▶

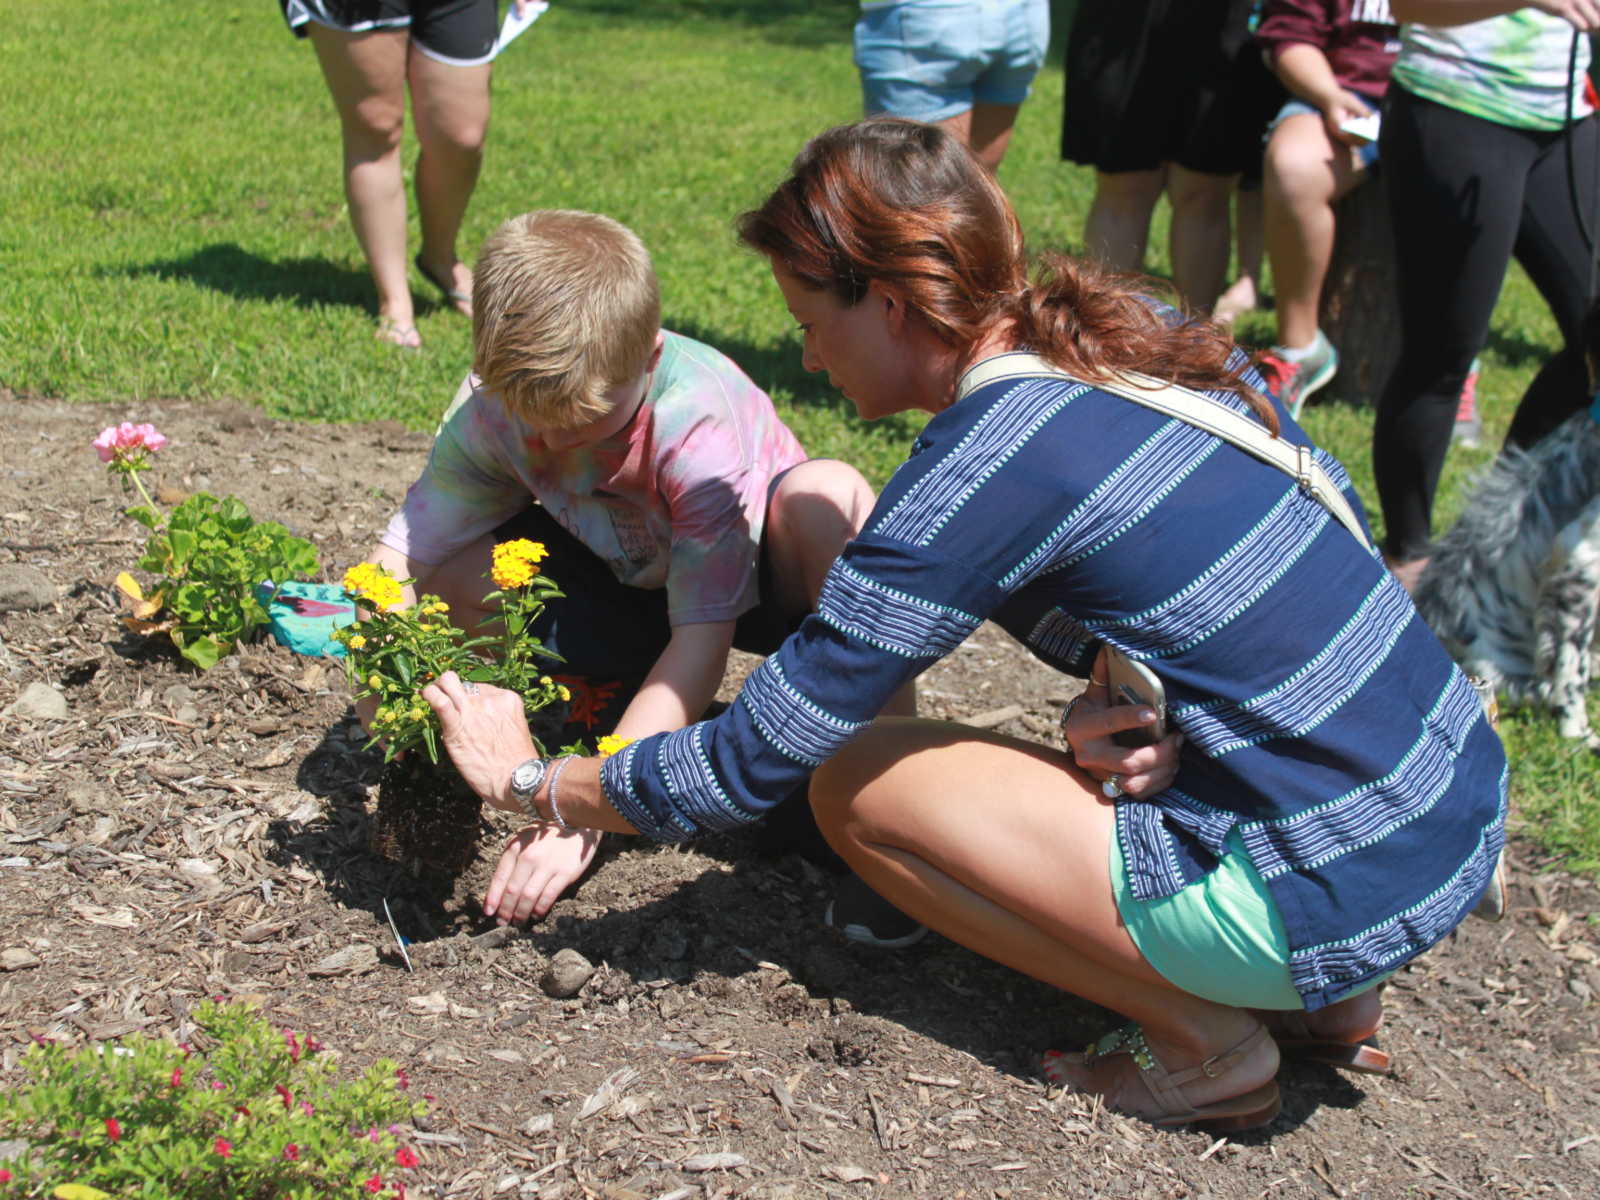 woman crouches down to help boy plant a yellow flower next to pink and red flower
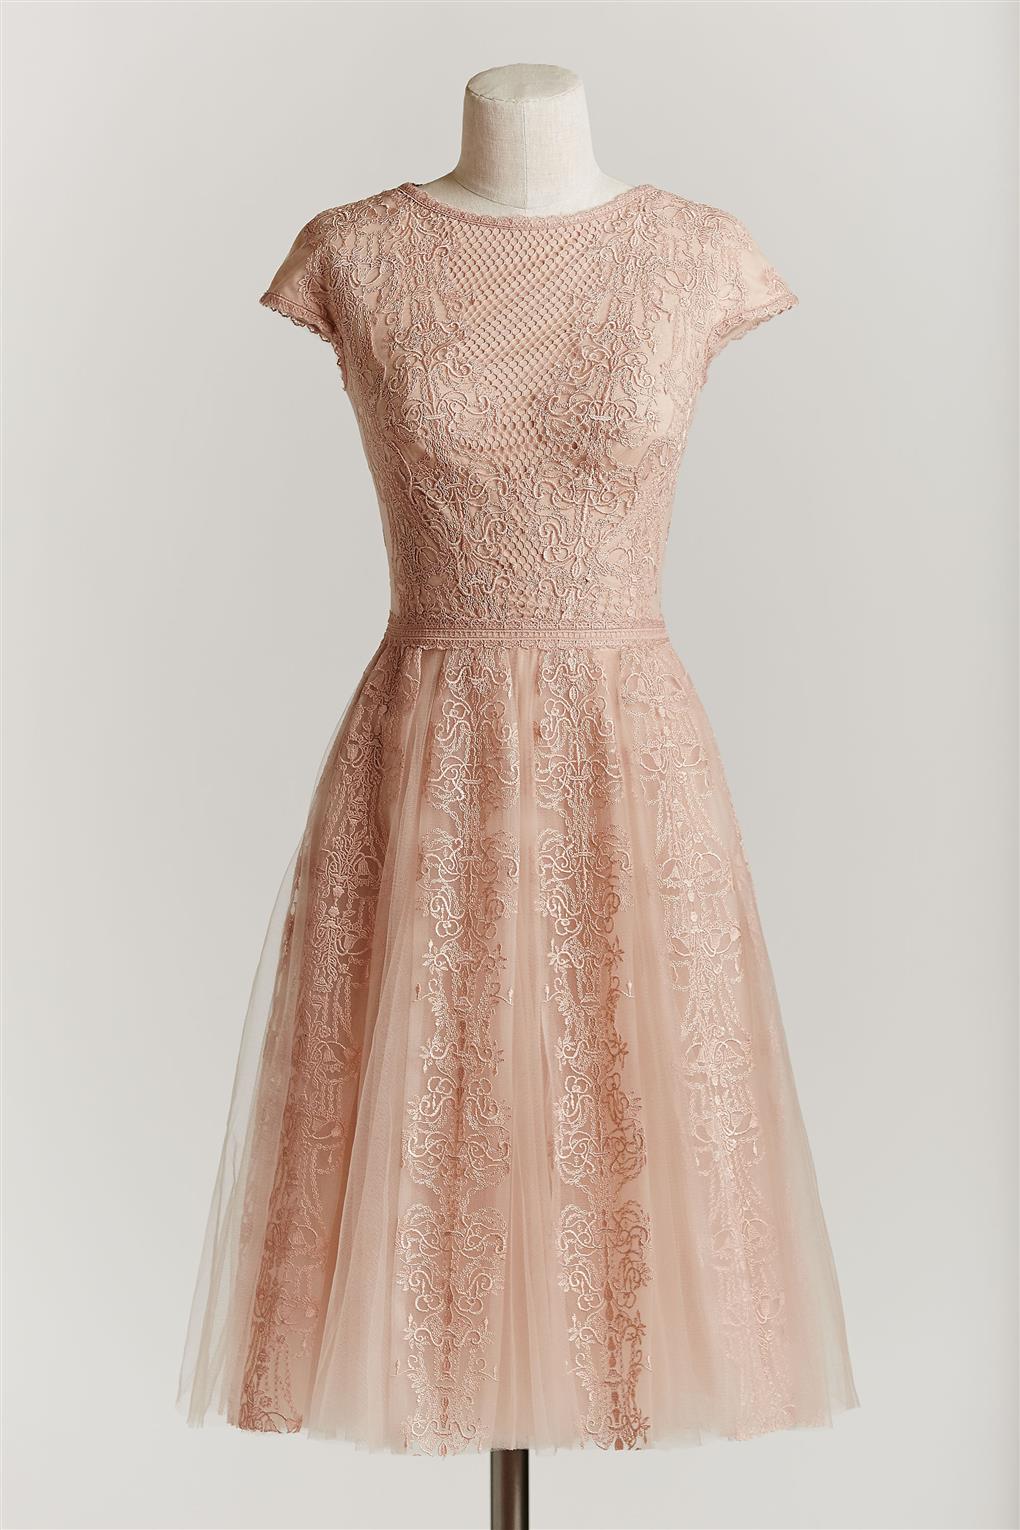 Amelia Bridesmaids Dress from BHLDN's Spring 2015 Collection
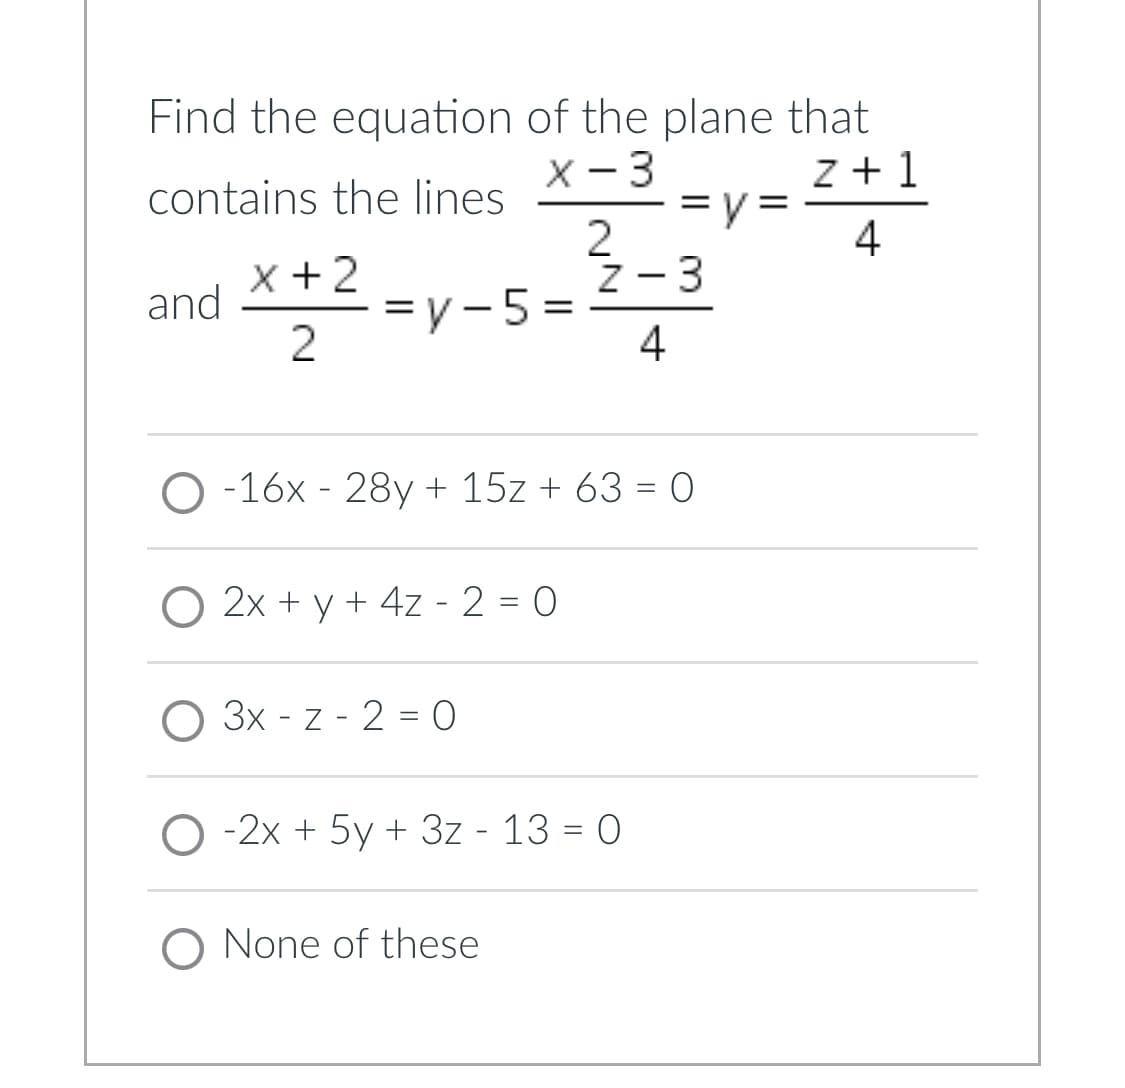 Find the equation of the plane that
x - 3
contains the lines
y=2+1
2
Z-3
x + 2
and x22.
=y-5=
4
O-16x 28y + 15z + 63 = 0
2x + y + 4z - 2 = 0
3x - z - 2 = 0
O-2x + 5y + 3z - 13 = 0
O None of these
= y

◀

Leaving out the pictures, restate the listing above exactly.

 woman crouches down to help boy plant a yellow flower next to pink and red flower
 Amelia Bridesmaids Dress from BHLDN's Spring 2015 Collection
 Find the equation of the plane that
x - 3
contains the lines
y=2+1
2
Z-3
x + 2
and x22.
=y-5=
4
O-16x 28y + 15z + 63 = 0
2x + y + 4z - 2 = 0
3x - z - 2 = 0
O-2x + 5y + 3z - 13 = 0
O None of these
= y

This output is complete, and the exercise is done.